* _WHAT IS BEING ASKED_: Nothing in the data should change when you return it, but leave the pictures out.

* _GIVEN INFORMATION_:
= = =

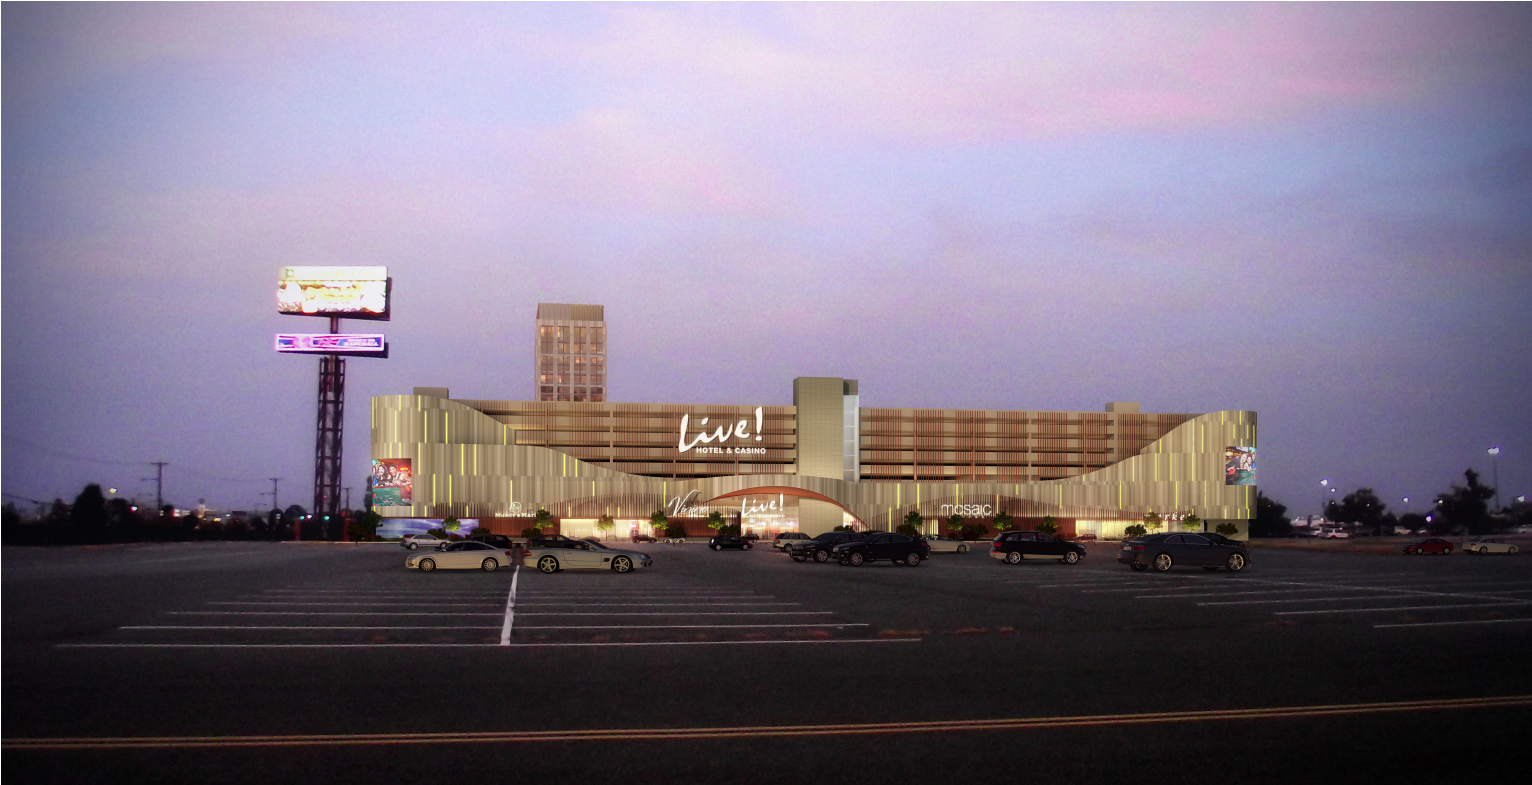 Live! Hotel and Casino, 10th Street Parking Lot | BLT Architects
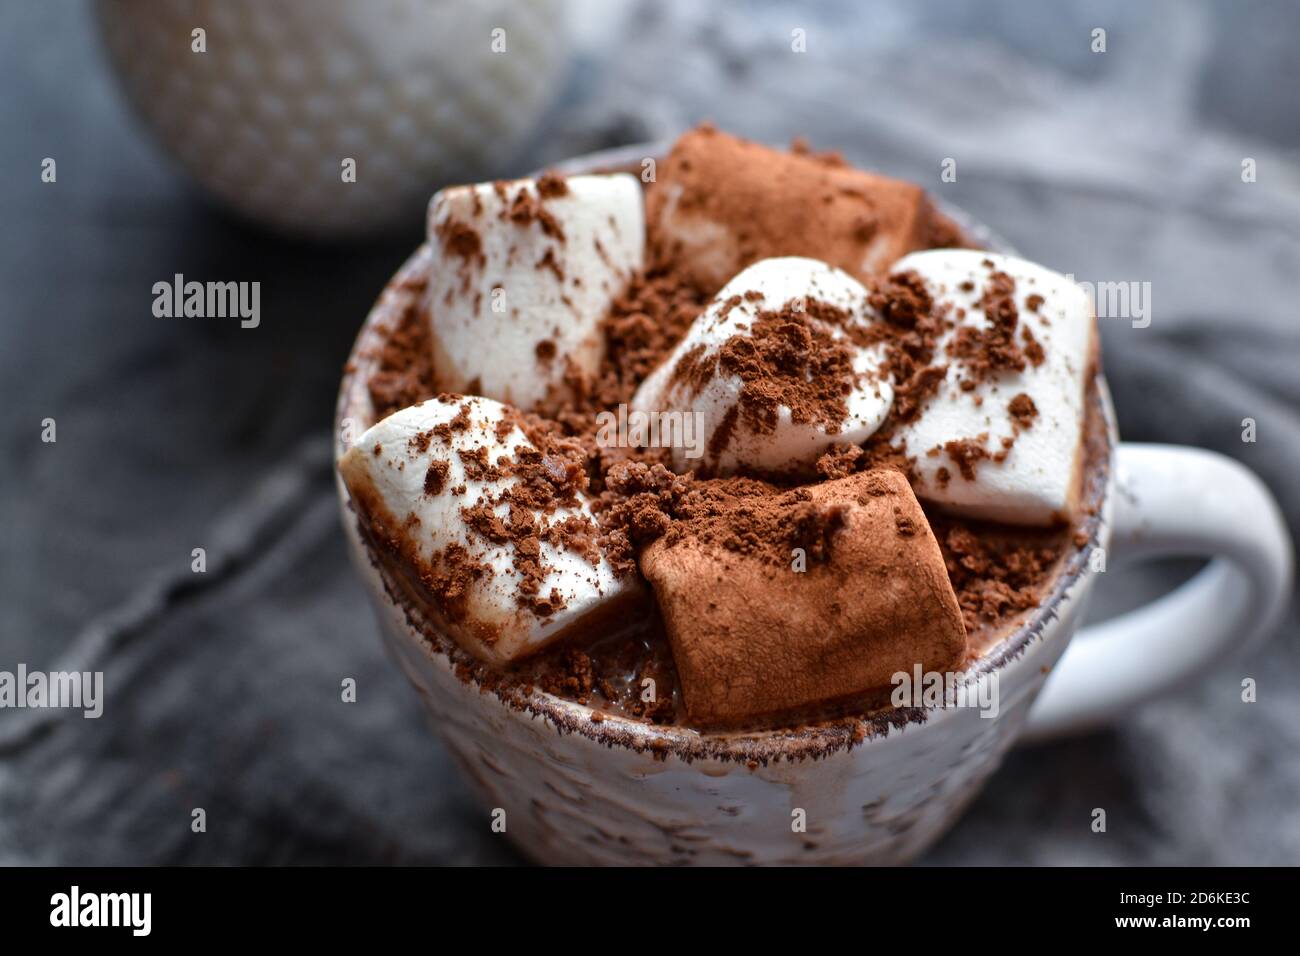 Hot chocolate and marshmallows. Hot Cocoa in a white cup. Dark background. Autumn drink concept. Copy space. Stock Photo
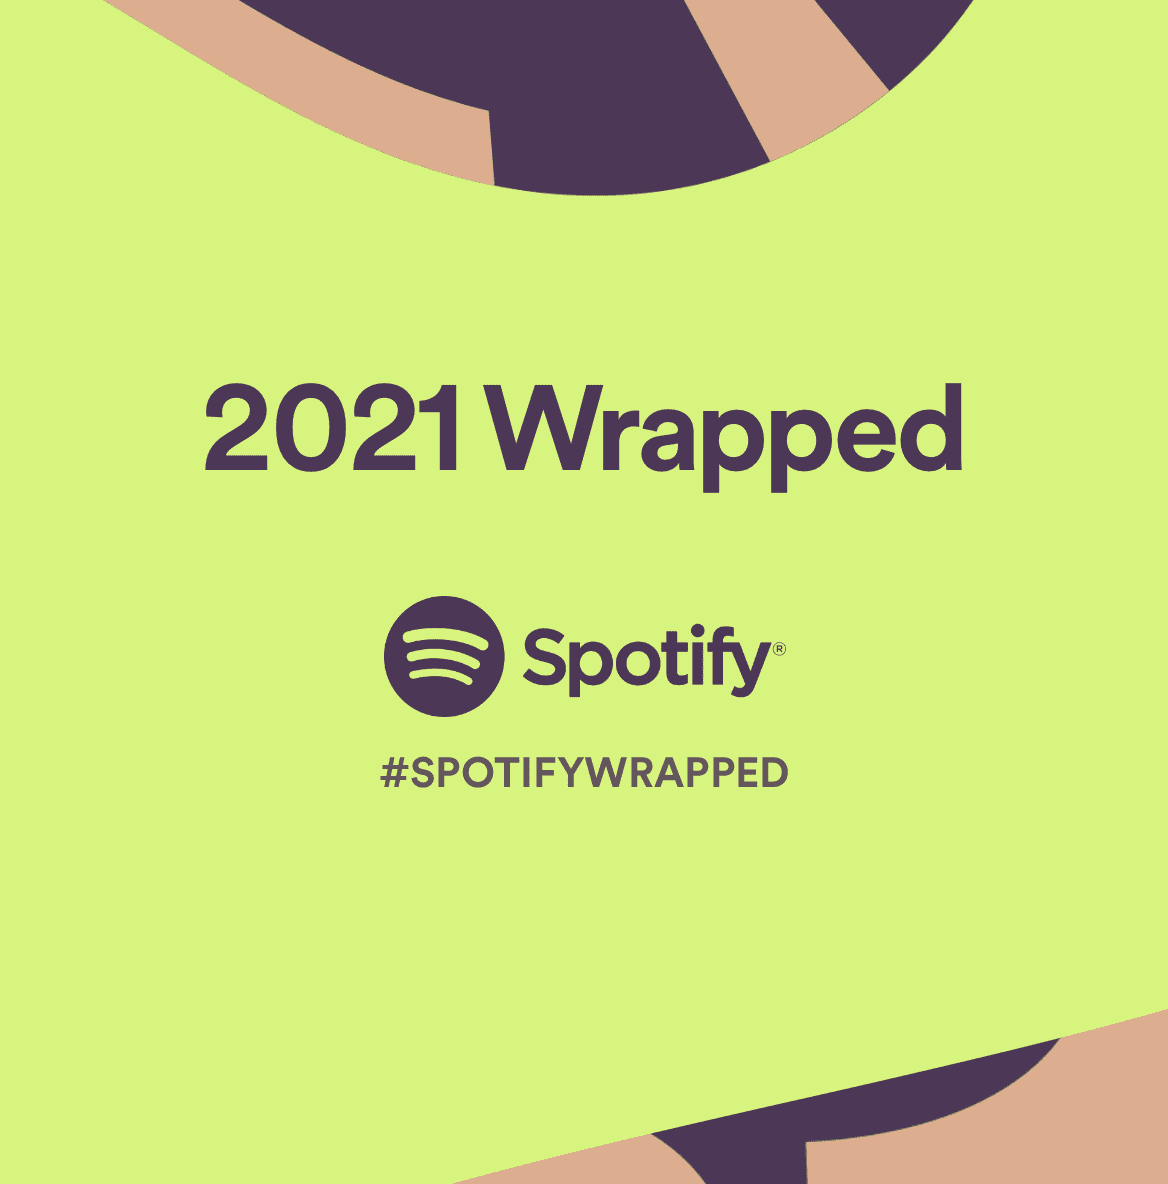 Our 2021 Music Wrapped
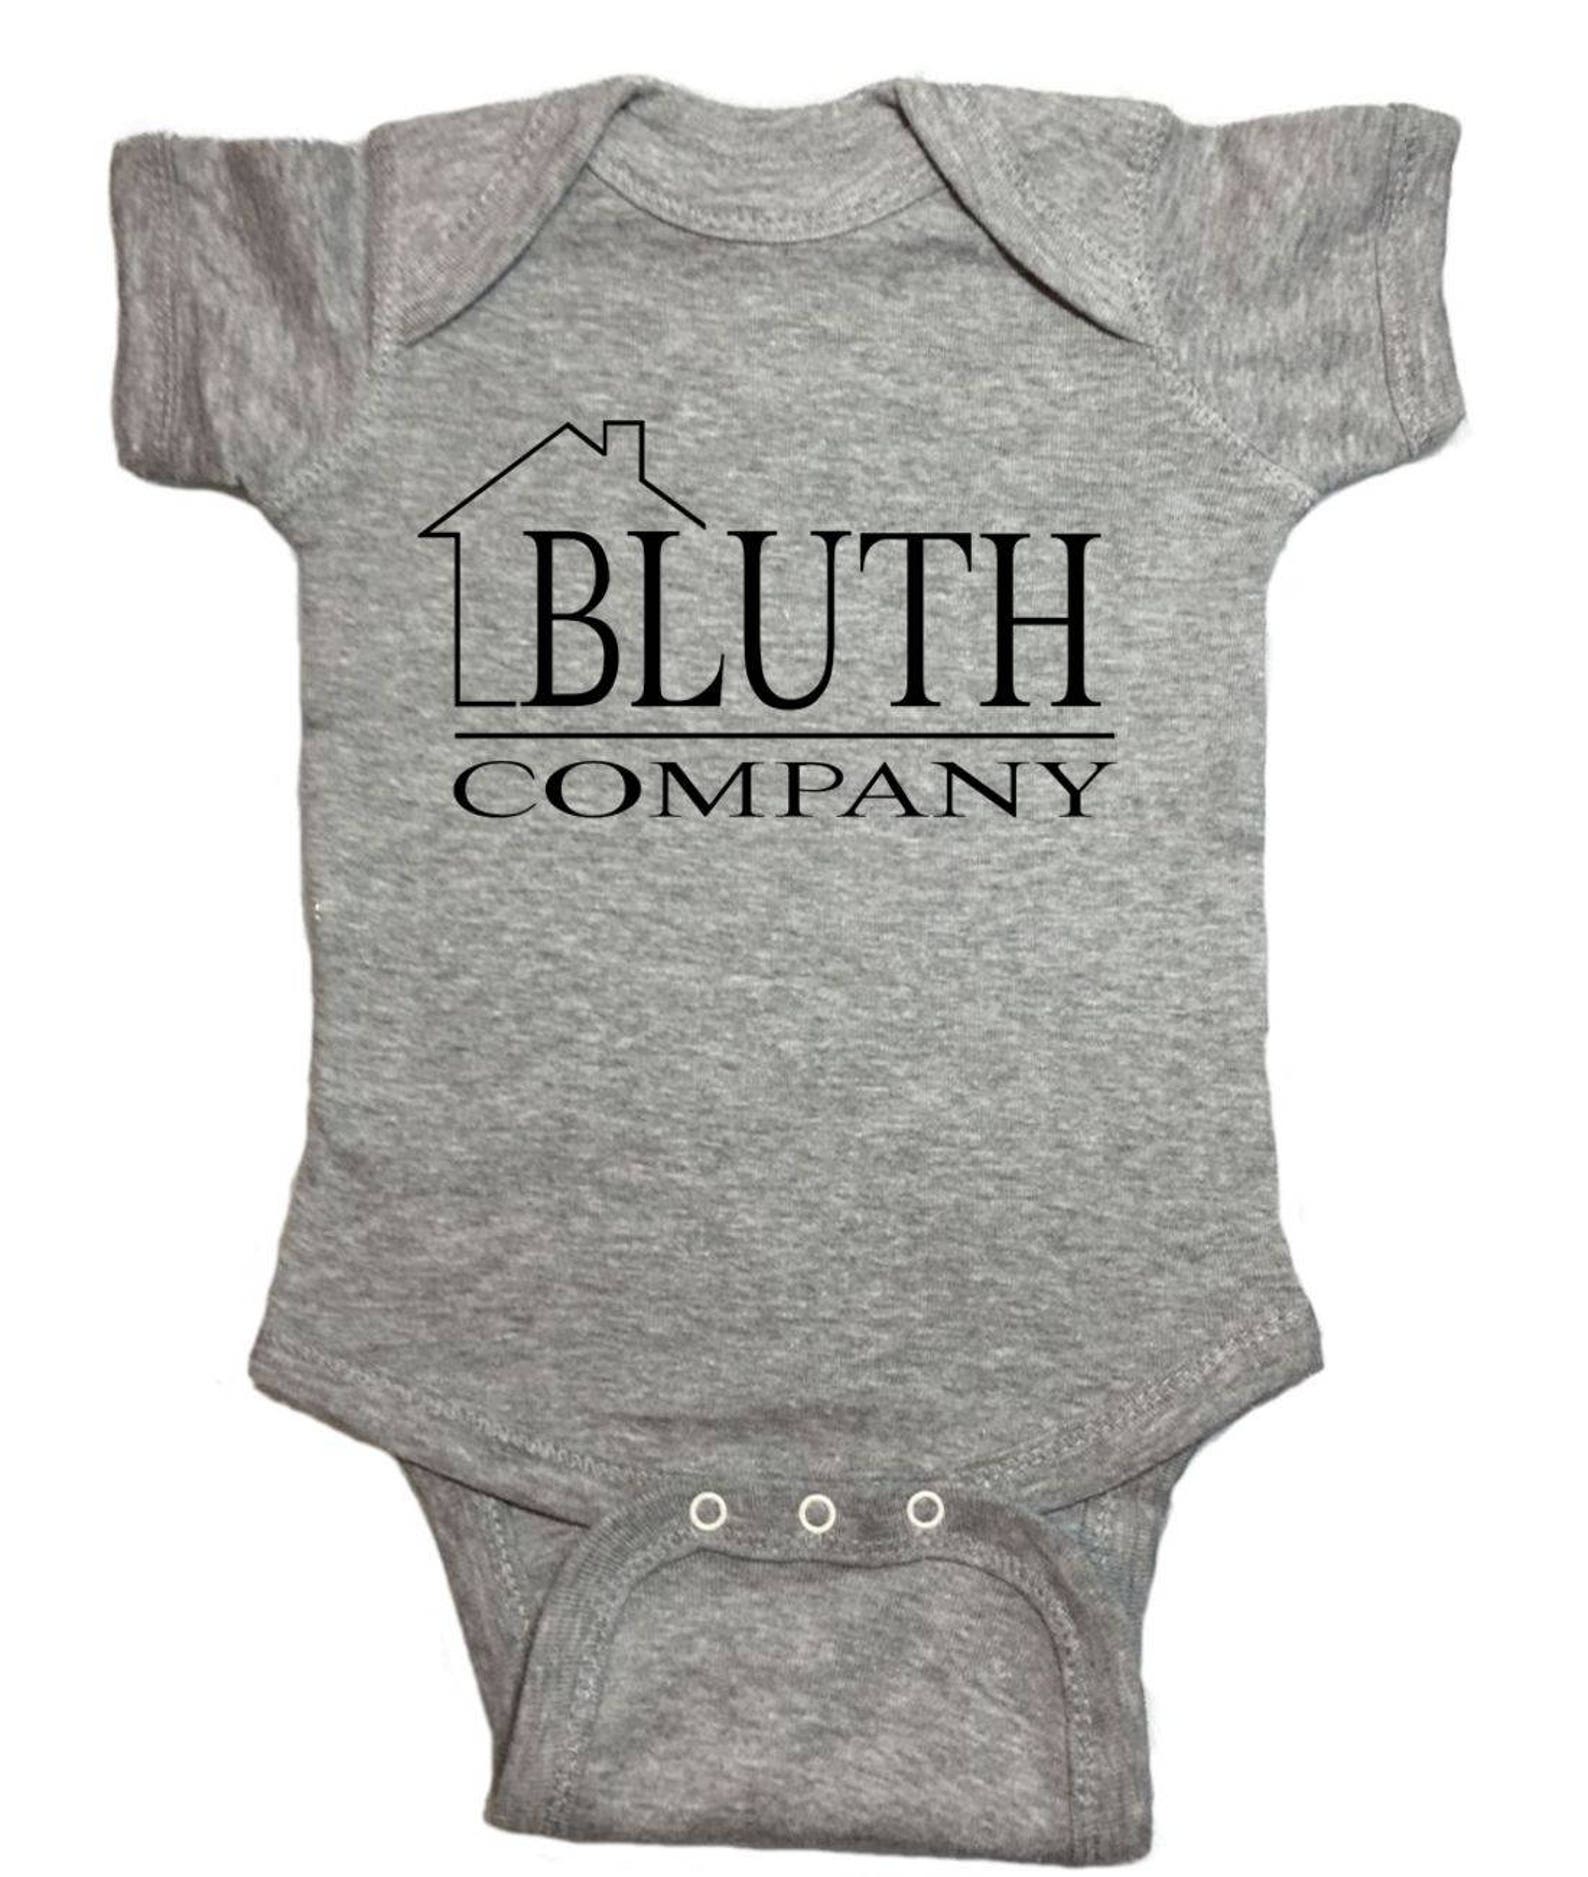 Why the Arrested Development Baby Onesie is a Must-Have for Fans

= = =

* _RESPONSE AREA_:
 Live! Hotel and Casino, 10th Street Parking Lot | BLT Architects
 Hot chocolate and marshmallows. Hot Cocoa in a white cup. Dark background. Autumn drink concept. Copy space. Stock Photo
 Our 2021 Music Wrapped
 Why the Arrested Development Baby Onesie is a Must-Have for Fans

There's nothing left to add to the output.